The Superman Revenge Squad is the name of two fictional organizations appearing in American comic books published by DC Comics. As their name suggests, it is a group of Superman villains who banded together to defeat the Man of Steel.

== Fictional background ==
=== Pre-Crisis on Infinite Earths ===
In pre-Crisis continuity, the Squad originated as the Superboy Revenge Squad, debuting in Superboy #94 (January 1962); the Superman Revenge Squad subsequently appeared in Action Comics #286 (March 1962). Both Squads are composed of aliens from the planet Wexr II, whom Superboy had prevented from achieving galactic conquest. The Squad later grows to include members from other planets, all of whom are sworn enemies of Superman.

Many of the Squad's plans to destroy Superman use psychological warfare, including red kryptonite-induced nightmares, hypnotising Superman into committing destructive acts, and tricking Superman into revealing his secret identity. They transferred the intelligence of a Superman robot into a super-powered body, making him Wonder Man, and hoping he would destroy Superman with some kryptonite that he was given and to which he was invulnerable. He later realized their plot and, with Superman, threw the ship with such force it would take years for the two members to break free, but Wonder Man then told Superman that his body would soon die. Once they lured Superman into following them to 1,000,000 AD, where he lost his powers and was trapped on the Earth, due to the Sun having turned red by then. He used a miniature Kandorian rocket left in his Fortress of Solitude, after shrinking himself with red kryptonite, to travel back to his own time.

In their earliest appearances, the Squad members appeared hooded to keep their identities secret. Later versions of the Squad wear modified versions of Superman's costume, with the Superman logo made of kryptonite and their heads shaved bald in tribute to Lex Luthor.

=== Post-Crisis on Infinite Earths ===
In Adventures of Superman #543 (February 1997), a new version of the Revenge Squad is introduced. The new Squad is established by Morgan Edge, who assembles various characters with a grudge against Superman and attempts to frame Lex Luthor as their leader. Its members include Maxima, Barrage, Riot, Misa, and Anomaly.

In Action Comics #736 (August 1997), Edge assembles another version of the team, consisting of Barrage, Parasite, Rock, and Baud.

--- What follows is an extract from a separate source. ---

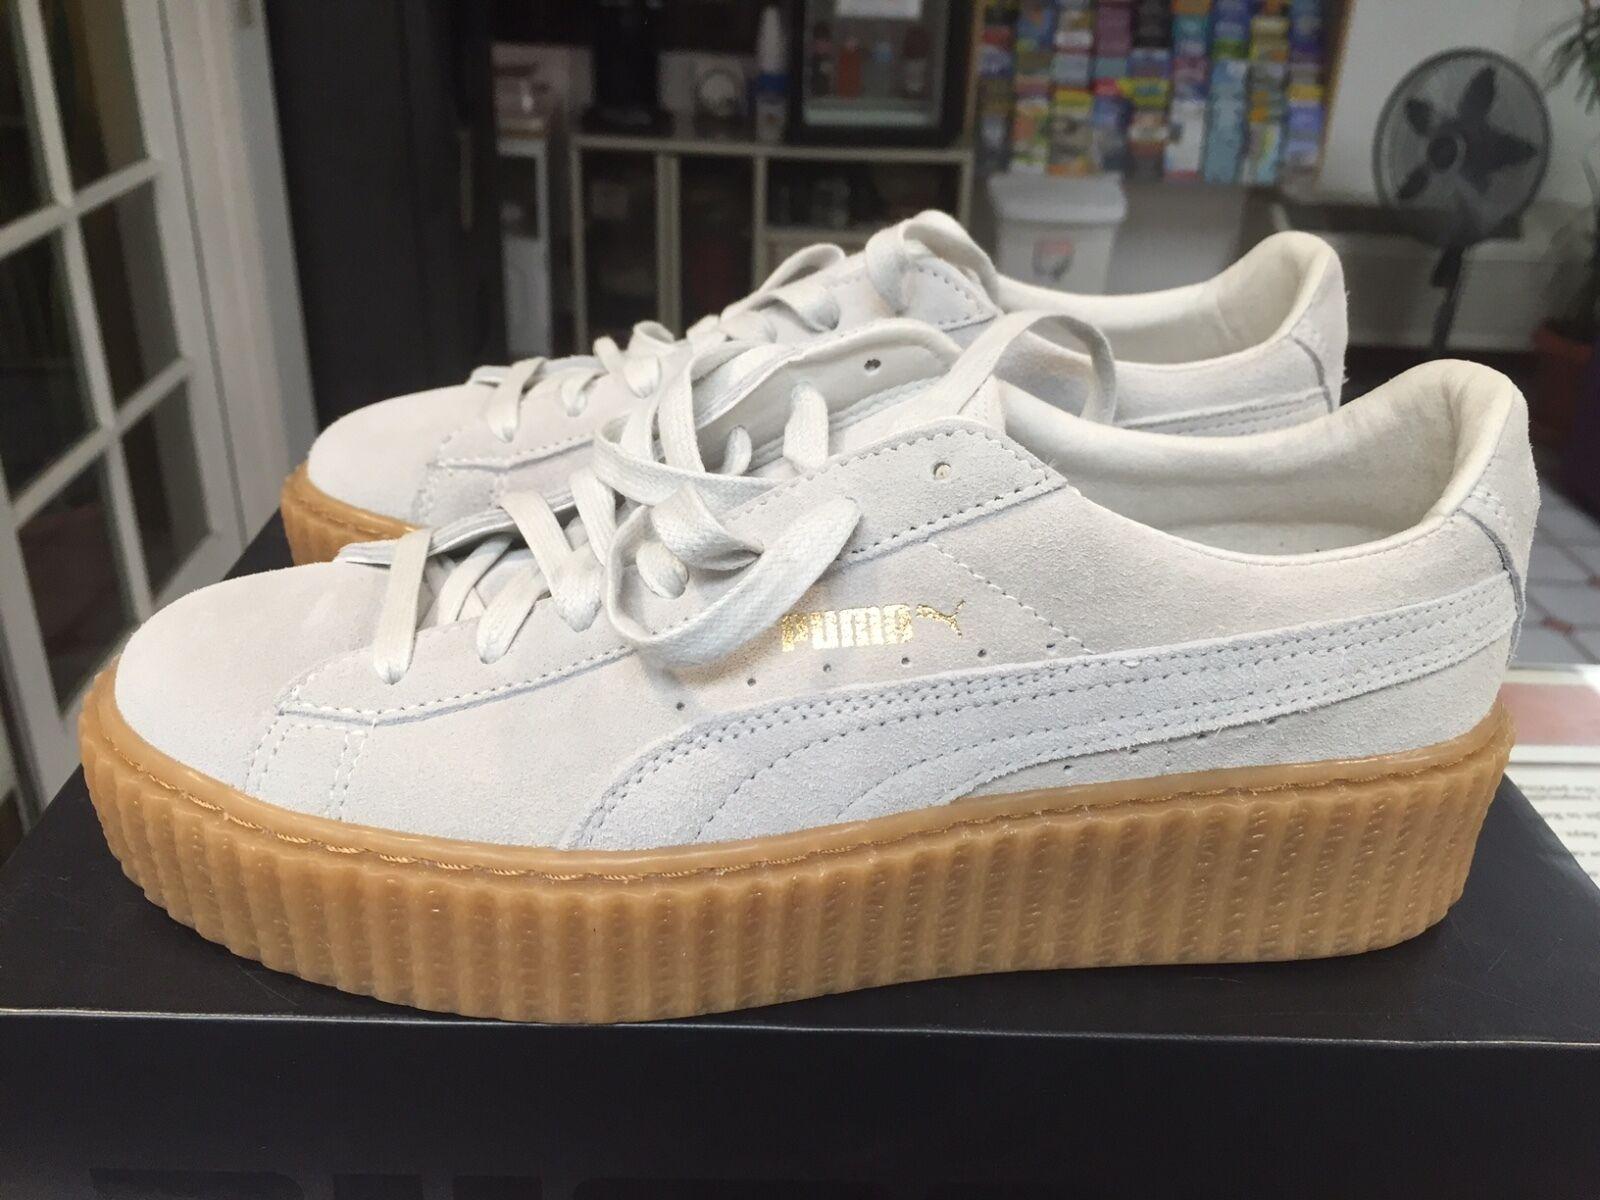 Puma X Rihanna Suede Creeper Sneaker White Womens Star White Oatmeal 361005 06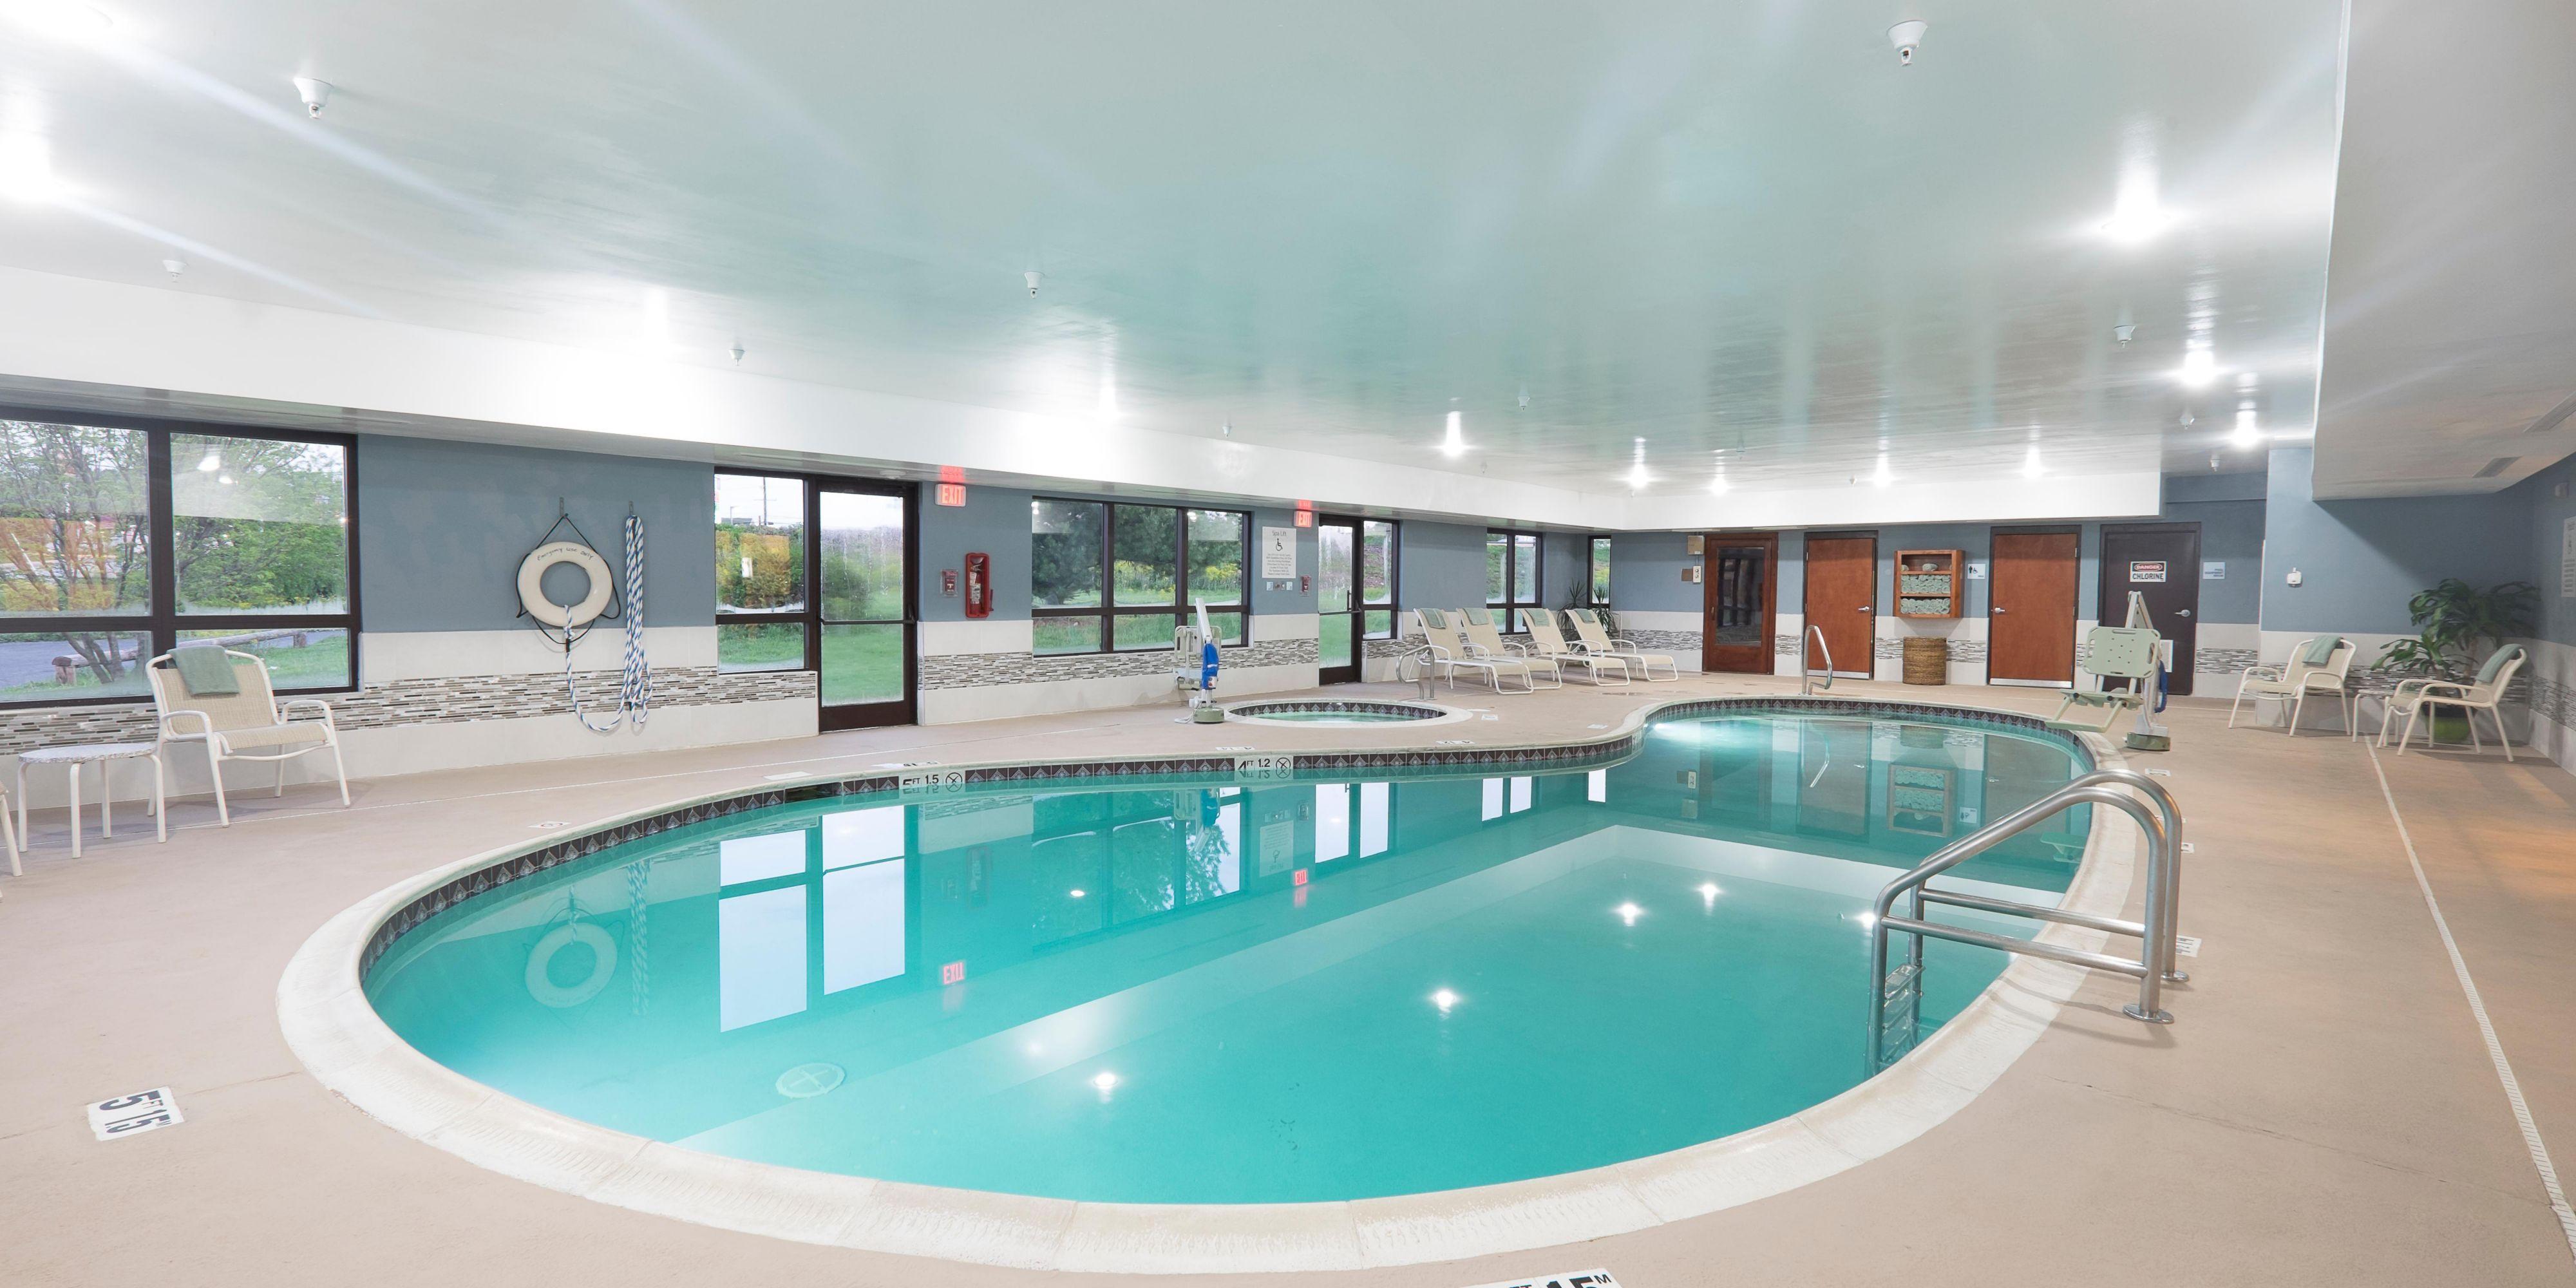 Holiday Inn Express And Suites Waynesboro 3898317107 2x1

In the "Last Son" storyline, Lex Luthor constructs a new team, which Superman joins to battle General Zod. The Revenge Squad consists of Metallo, Parasite, and Bizarro.

==== DC Rebirth ====
A new incarnation of the Superman Revenge Squad appears in The New 52 continuity reboot, founded by Cyborg Superman and the Eradicator and consisting of Blanque, Metallo, Mongul, and General Zod.

==Other versions==
- A Batman Revenge Squad appears in World's Finest Comics #175 (May 1968), consisting of Cash Carew, Barney the Blast, and the Flamethrower.
- An "Ambush Bug Revenge Squad", consisting of fans of the eponymous hero who want him destroyed, appear in Ambush Bug: Year None #4 (December 2008).
- A "Cyborg Revenge Squad" appears in DC Special: Cyborg #6 (December 2008), formed by Elias Orr and Cyborg 2.0 and consisting of Shrapnel, Gizmo, Magenta, Girder, the Thinker, and Cyborgirl.
- A Spider-Man Revenge Squad appears in Marvel Comics' The Spectacular Spider-Man (1976), consisting of lesser-known Spider-Man villains such as the Spot, Kangaroo, Gibbon, and Grizzly.

==In other media==
- The Superman Revenge Squad appears in the Justice League episode "Hereafter", consisting of Metallo, Kalibak, Livewire, Weather Wizard, and Toyman.
- The Superman Revenge Squad appears in Superman 64, consisting of Lex Luthor, Darkseid, Parasite, Brainiac, Metallo, and Mala.
- The Superman Revenge Squad's name was adopted by Nosferatu D2 frontman Ben Parker for his solo recordings.